Data Scientists, Tradeoffs, and Data Ethics
As more companies become model-driven, data scientists are uniquely positioned to drive innovation and to help their companies remain economically strong. The IP, artifacts, and insights generated (i.e., the model context) when building and using models enable data scientists to directly impact business problems. Data scientists are continually making tradeoff decisions during the entire lifecycle of their models.
Recent questions about whether companies are taking data ethics into consideration have led to public discourse with contributions from prominent researchers (particularly with model interpretability), mainstream tech press, as well as data science leaders at established global institutions. Chris Wiggins, Chief Data Scientist at The New York Times as well as a professor at Columbia, recently presented the seminar “What should future statisticians, CEOs, and senators know about the history and ethics of data?” at Berkeley. In his talk, Chris proposed a framework, principles, and recommendations to help operationalize ethics in historical context.
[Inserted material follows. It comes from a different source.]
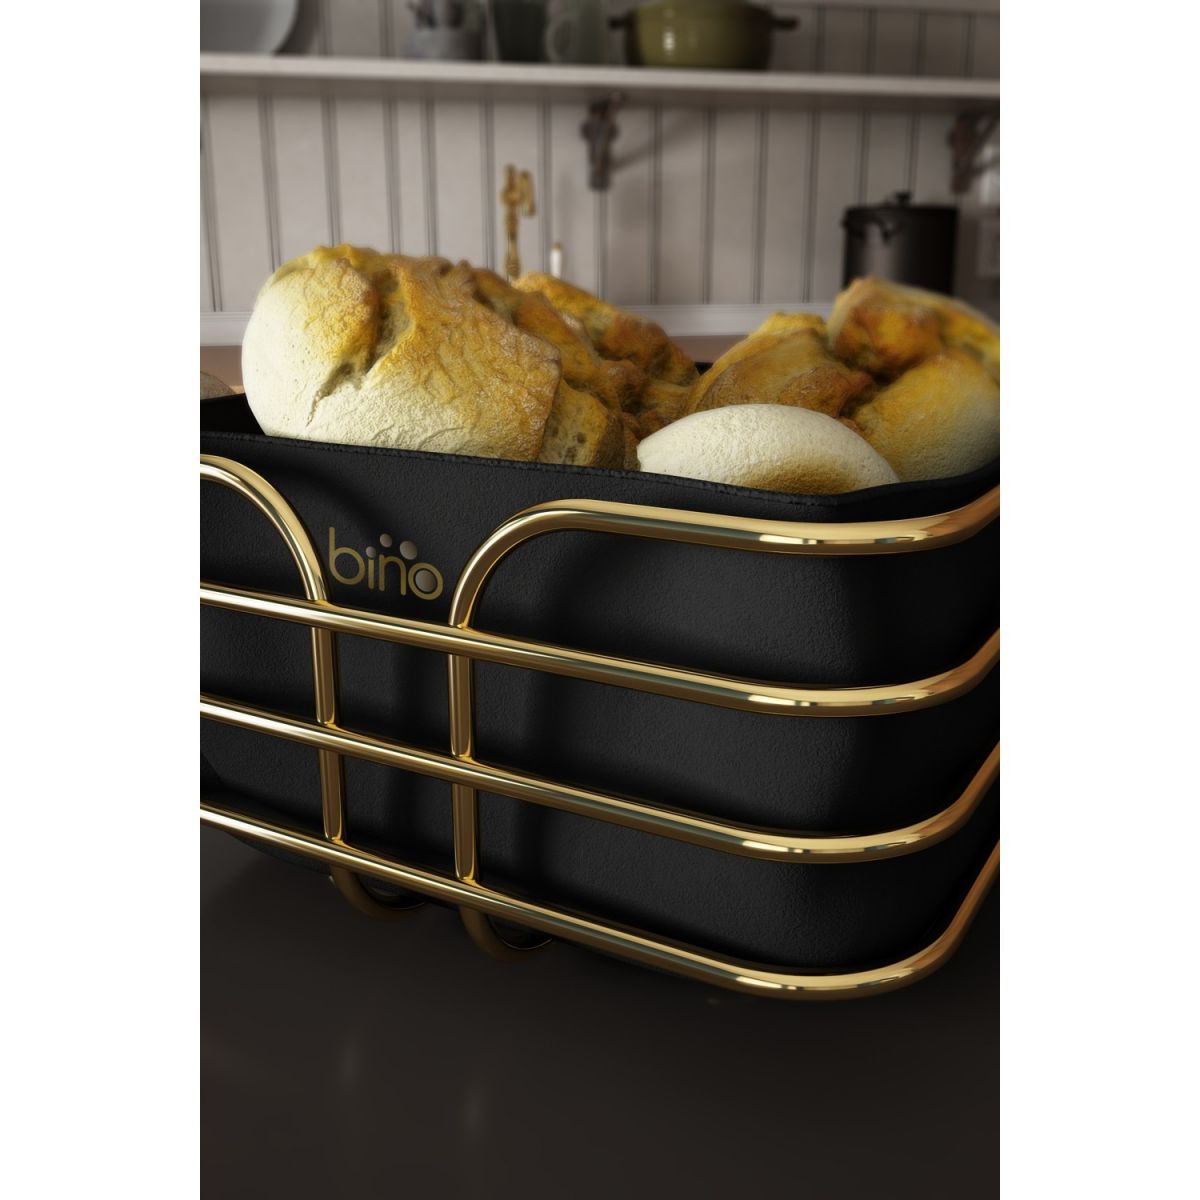 Bino Ekmeklik Ekmek Sepeti Çok Amaçlı Metal Kutu Lüx Gold Paslanmaz Sepet Siyah Kumaş

He also encouraged data scientists to understand how new data science algorithms rearrange power as well as how the history of data is a story of truth and power. The talk proposed that to understand the future, we need to understand how truth and power have always been contested. Even since the 19th century, when people collected data to establish capabilities, they often “use them to defend their own power rather than to empower the defenseless”.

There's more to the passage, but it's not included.